Интересно проследить постепенное формирование романтического вкуса по семантическим изменениям терминов romantic, romanesque, romantisch. В середине XVII в. термин romantic был синонимом (в негативном смысле) romanzesco (like the old romances — «романический», «как старинные романы»); век спустя он значил уже скорее «химерический» (romanesque) или живописный; к живописному Руссо добавил важное субъективное определение: выражение «не знаю что» (je ne sais quoi) — нечто расплывчатое и неопределенное. Наконец, первые немецкие романтики расширили область не поддающегося определению и расплывчатого, подпадающую под термин romantisch: теперь она стала включать в себя все далекое, магическое, неведомое, в том числе мрачное, иррациональное, связанное со смертью. А главное, сугубо романтической чертой стало стремление (Sehnsucht) ко всему этому. Такое стремление никак не определяется исторически; всякое искусство, выражающее его, — искусство романтическое, или, может быть, даже любое искусство романтическое в той мере, в какой оно именно это стремление и выражает. Красота перестает быть формой, прекрасным становится бесформенное, хаотичное.

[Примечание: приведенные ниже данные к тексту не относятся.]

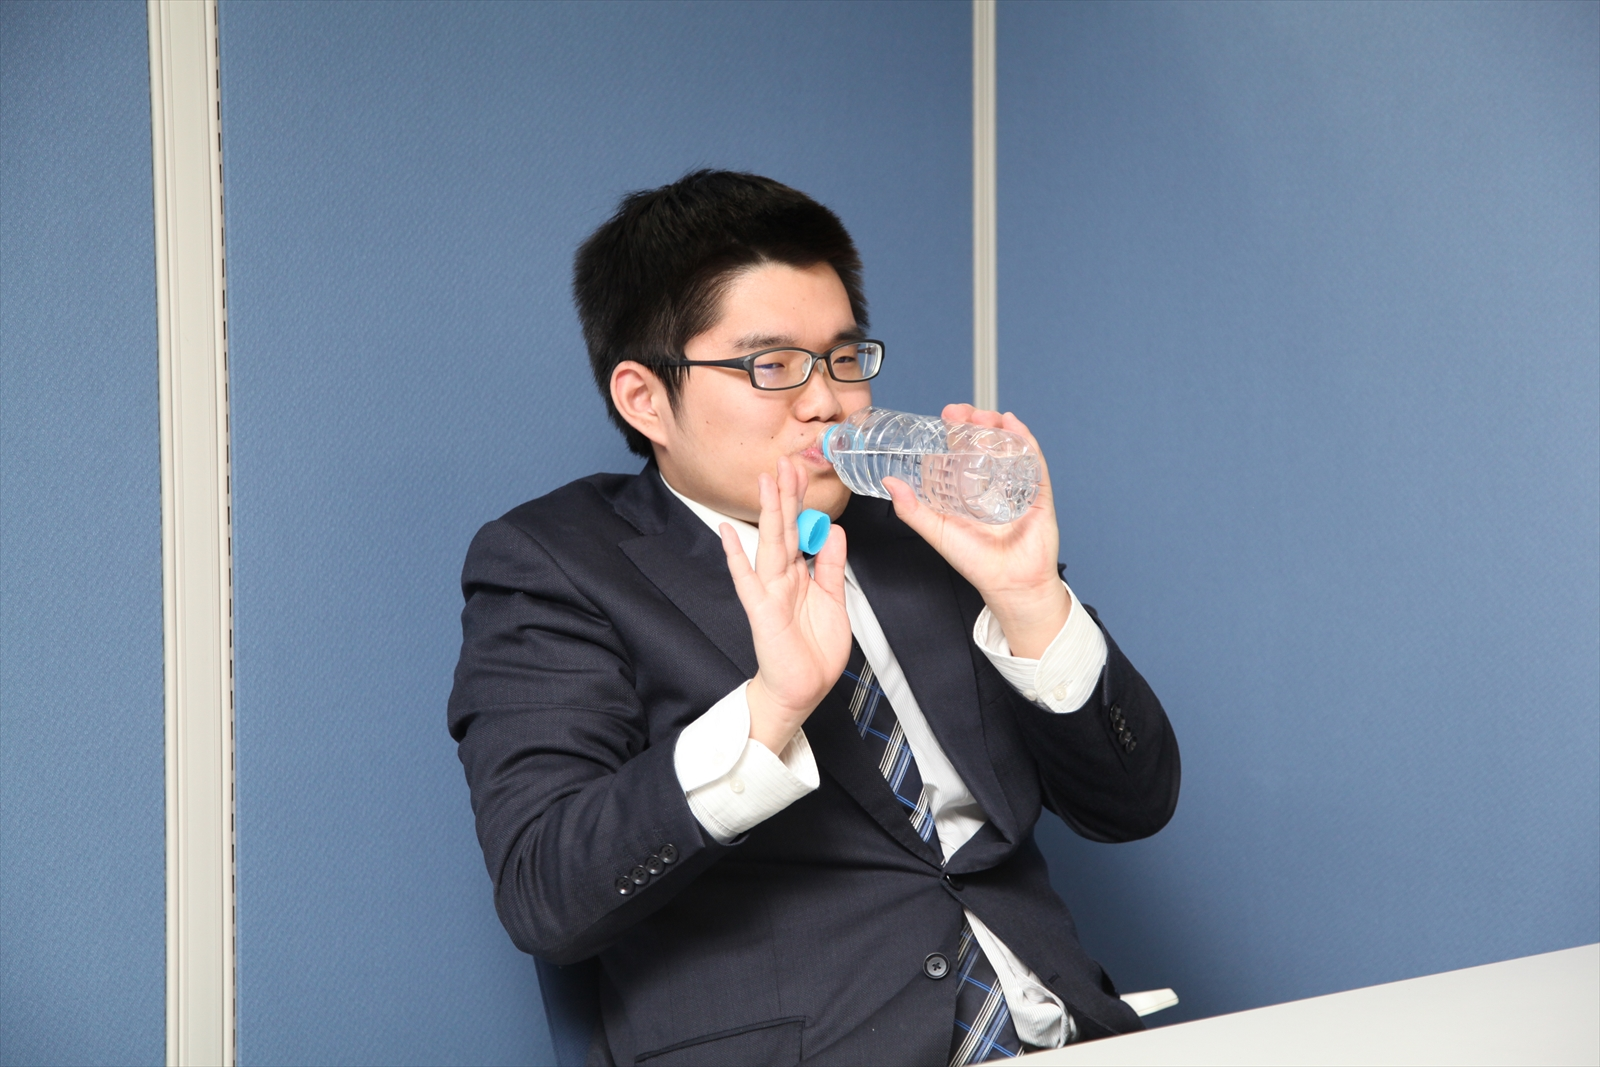 面接中に水をがぶ飲みする就活生
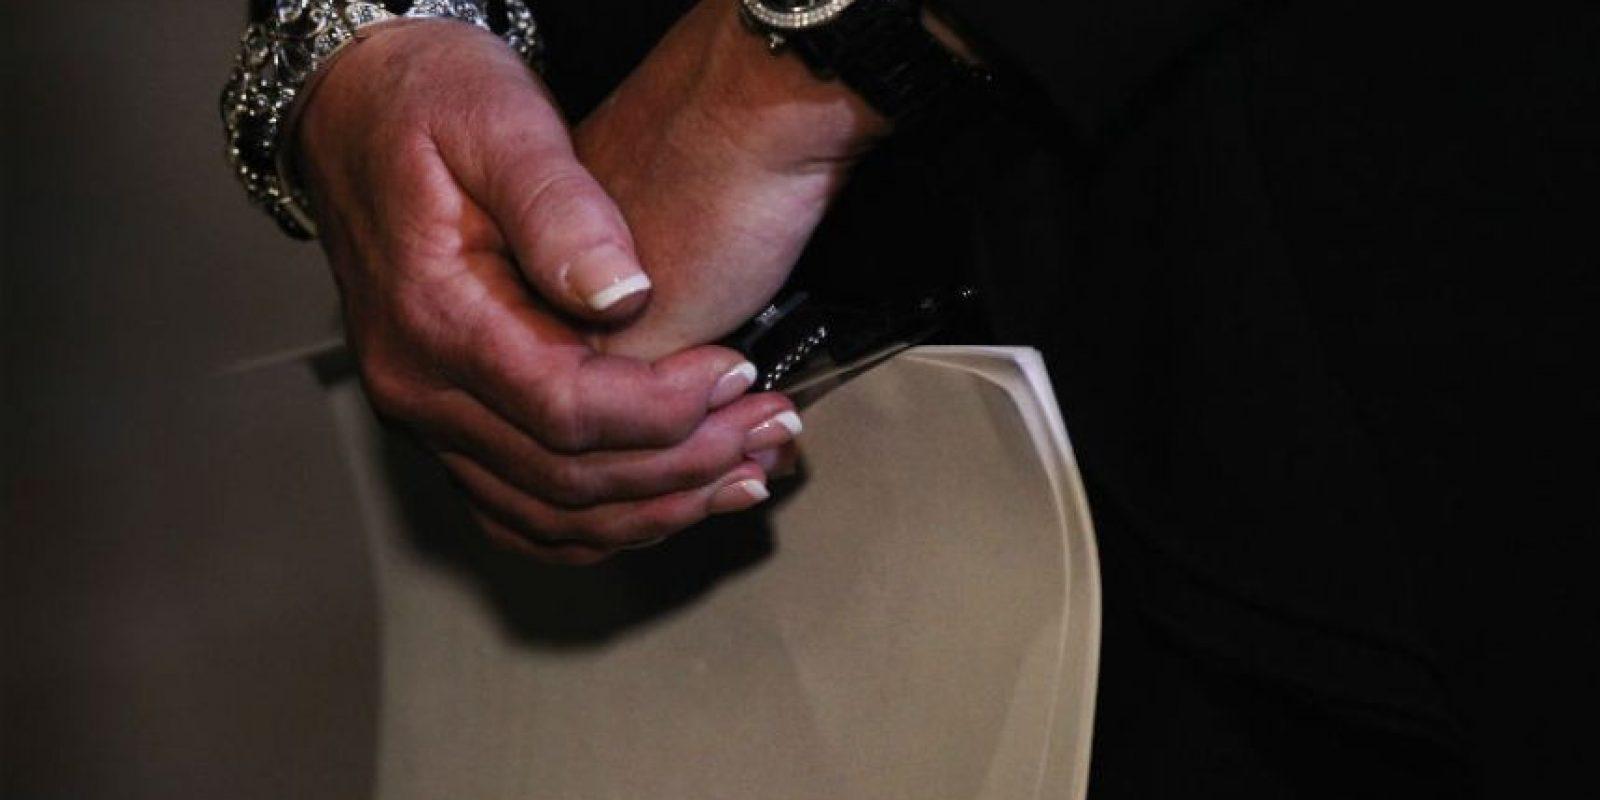 Los principales acosadores son hombres que ejercen este tipo de comportamiento. Foto:Getty Images

Сиянье Красоты. Уильям Шекспир. Ромео и Джульетта, II, 2, 1594-1597
Ромео. Им по незнанью эта боль смешна.
Но что за блеск я вижу на балконе?
Там брезжит свет. Джульетта, ты, как день!
Стань у окна. Убей луну соседством;
Она и так от зависти больна,
Что ты ее затмила белизною.
Оставь служить богине чистоты.
Плат девственницы жалок и невзрачен.
Он не к лицу тебе. Сними его.
О милая! О жизнь моя! О радость!
Стоит, сама не зная, кто она.
Губами шевелит, но слов не слышно.
Пустое, существует взглядов речь!
О, как я глуп! С ней говорят другие.
Две самых ярких звездочки, спеша
По делу с неба отлучиться, просят
Ее глаза покамест посверкать.
Ах, если бы глаза ее на деле
Переместились на небесный свод!
При их сияньи птицы бы запели.
Принявши ночь за солнечный восход.
Стоит одна, прижав ладонь к щеке.
О чем она задумалась украдкой?
О, быть бы на ее руке перчаткой.
Перчаткой на руке!
Красота и меланхолия. Уго Фосколо. Сонеты, VII, 1802
Я худ лицом, глаза полны огня;
Пытливый взор страданием отмечен;
Уста молчат, достоинство храня;
Высокий лоб морщинами иссечен;
В одежде — прост; осанкой — безупречен;
Привязан ко всему не доле дня;
Угрюм, приветлив, груб, чистосердечен:
Я отвергаю мир, а мир — меня.
Не манит ни надежда, ни забава;
Как радость, одиночество приемлю;
Порою доблестен, труслив порой,—
Я робко голосу рассудка внемлю,
Но сердце бурно тешится игрой.
О Смерть, в тебе и отдых мой и слава.
Зелье и колдовство. Шарль Бодлер. Стихотворения в прозе, 1869
Она очень некрасива. И все же она восхитительна! Время и любовь оставили на ней печать своих когтей и безжалостно показали ей, сколько юности и свежести уносят каждое мгновение и каждый поцелуй.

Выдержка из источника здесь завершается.